▼

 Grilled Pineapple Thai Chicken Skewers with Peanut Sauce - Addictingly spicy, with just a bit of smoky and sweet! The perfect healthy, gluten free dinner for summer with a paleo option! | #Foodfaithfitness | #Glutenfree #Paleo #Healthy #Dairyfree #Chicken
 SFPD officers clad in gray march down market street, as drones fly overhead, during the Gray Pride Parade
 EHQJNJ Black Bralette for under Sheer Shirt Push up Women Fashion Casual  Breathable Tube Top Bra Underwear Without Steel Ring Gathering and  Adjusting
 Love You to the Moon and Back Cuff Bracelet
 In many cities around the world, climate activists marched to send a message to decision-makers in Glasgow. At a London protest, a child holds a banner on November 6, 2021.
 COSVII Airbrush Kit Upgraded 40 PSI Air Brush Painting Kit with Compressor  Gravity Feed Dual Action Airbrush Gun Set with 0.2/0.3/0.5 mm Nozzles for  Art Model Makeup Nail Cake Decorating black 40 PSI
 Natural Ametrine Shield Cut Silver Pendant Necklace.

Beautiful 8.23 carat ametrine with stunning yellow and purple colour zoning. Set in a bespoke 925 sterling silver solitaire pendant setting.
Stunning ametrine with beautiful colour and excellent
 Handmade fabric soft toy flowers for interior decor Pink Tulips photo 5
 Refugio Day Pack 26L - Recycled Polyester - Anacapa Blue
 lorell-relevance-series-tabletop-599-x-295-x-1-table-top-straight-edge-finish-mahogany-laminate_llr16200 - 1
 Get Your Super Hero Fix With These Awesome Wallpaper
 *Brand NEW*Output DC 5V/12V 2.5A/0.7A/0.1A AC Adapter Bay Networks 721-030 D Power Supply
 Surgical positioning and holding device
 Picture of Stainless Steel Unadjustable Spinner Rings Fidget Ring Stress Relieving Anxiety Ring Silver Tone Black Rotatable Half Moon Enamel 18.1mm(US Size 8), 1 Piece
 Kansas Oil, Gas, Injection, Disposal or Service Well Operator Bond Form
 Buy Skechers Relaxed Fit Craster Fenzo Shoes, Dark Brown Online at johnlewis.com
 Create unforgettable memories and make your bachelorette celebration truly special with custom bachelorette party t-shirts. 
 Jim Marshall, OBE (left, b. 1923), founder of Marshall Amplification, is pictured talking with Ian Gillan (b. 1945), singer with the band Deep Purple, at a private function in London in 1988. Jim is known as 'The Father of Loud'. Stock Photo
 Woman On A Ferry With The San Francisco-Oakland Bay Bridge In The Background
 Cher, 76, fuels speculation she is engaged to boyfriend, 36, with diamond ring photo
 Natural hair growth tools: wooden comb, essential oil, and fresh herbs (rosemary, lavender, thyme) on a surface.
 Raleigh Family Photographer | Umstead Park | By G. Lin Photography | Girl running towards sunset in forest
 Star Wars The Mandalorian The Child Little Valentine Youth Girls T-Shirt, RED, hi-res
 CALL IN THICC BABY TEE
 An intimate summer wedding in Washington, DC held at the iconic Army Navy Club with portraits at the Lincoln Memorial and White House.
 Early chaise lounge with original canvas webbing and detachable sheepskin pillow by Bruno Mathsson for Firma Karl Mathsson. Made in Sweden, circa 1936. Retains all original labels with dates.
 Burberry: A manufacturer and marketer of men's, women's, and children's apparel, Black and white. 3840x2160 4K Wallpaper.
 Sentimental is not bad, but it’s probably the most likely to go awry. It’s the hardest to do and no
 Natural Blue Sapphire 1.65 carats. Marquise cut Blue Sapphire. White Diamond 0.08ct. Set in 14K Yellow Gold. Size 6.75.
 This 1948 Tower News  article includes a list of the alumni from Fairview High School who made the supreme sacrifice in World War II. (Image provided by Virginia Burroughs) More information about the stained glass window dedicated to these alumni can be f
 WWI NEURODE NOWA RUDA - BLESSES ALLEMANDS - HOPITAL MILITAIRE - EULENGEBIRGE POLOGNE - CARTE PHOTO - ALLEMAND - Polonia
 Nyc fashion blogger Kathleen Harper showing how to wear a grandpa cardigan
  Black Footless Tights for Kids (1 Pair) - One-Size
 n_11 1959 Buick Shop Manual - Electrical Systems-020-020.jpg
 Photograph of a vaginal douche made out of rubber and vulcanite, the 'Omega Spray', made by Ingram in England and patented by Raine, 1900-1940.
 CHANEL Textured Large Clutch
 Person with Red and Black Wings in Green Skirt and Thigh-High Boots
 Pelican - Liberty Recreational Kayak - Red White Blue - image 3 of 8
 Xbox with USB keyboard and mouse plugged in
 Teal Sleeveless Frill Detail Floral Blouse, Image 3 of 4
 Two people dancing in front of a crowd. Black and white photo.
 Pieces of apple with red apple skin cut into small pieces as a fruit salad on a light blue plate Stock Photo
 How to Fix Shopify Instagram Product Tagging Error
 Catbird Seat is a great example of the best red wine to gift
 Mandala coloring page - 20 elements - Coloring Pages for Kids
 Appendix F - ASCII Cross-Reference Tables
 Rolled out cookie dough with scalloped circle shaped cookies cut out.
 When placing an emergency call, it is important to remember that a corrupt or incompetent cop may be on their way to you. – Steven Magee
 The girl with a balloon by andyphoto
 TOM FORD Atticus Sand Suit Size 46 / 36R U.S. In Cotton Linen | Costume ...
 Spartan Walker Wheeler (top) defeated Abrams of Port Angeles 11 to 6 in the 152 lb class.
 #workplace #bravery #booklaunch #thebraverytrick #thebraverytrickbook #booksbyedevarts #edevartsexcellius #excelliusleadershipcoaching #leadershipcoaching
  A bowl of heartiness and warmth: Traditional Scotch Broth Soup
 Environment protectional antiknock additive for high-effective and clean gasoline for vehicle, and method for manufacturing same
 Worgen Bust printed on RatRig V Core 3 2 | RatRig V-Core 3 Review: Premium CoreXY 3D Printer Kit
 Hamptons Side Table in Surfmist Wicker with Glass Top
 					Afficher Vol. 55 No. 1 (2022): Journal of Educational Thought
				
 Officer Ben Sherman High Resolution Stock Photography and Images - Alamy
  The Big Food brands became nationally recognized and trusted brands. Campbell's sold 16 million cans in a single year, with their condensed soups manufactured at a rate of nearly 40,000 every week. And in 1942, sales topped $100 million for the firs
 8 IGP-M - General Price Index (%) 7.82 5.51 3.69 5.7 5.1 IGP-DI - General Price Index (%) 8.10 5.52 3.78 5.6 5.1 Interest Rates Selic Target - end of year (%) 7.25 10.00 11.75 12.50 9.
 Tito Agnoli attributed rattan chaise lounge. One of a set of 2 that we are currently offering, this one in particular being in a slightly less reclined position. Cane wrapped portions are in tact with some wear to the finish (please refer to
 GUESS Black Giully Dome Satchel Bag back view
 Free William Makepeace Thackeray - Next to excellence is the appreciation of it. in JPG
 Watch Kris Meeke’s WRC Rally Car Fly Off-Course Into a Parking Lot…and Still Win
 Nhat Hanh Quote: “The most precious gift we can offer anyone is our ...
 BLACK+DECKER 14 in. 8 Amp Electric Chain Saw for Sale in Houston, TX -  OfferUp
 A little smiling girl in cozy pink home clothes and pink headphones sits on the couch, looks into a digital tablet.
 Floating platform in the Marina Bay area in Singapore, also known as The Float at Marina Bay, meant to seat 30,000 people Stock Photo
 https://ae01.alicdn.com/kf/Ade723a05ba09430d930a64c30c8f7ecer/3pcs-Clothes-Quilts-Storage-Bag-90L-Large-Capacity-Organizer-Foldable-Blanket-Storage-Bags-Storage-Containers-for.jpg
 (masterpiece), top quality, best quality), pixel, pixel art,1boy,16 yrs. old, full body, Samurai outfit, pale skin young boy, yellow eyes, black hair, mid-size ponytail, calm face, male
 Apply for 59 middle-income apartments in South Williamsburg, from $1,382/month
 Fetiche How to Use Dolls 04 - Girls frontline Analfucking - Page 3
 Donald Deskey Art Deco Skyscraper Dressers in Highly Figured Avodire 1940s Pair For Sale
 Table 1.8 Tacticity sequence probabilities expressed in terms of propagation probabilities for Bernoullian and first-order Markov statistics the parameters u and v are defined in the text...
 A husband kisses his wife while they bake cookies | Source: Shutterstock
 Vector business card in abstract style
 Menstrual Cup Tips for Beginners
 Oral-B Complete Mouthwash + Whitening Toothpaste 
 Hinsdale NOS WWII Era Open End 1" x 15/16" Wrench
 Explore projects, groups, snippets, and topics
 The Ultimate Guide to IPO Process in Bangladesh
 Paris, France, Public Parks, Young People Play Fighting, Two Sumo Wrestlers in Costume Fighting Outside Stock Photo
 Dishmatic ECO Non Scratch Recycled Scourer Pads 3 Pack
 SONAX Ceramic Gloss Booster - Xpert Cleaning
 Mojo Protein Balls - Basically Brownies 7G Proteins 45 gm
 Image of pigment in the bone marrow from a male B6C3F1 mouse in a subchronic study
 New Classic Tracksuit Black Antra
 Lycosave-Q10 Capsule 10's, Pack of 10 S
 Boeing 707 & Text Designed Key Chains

▲

● **Work instructions**: From the line containing "New Classic Tracksuit Black Antra" down to the last line of the material, each line is to be retyped exactly; no other lines belong in the answer.

● **Task output**:
 New Classic Tracksuit Black Antra
 Lycosave-Q10 Capsule 10's, Pack of 10 S
 Boeing 707 & Text Designed Key Chains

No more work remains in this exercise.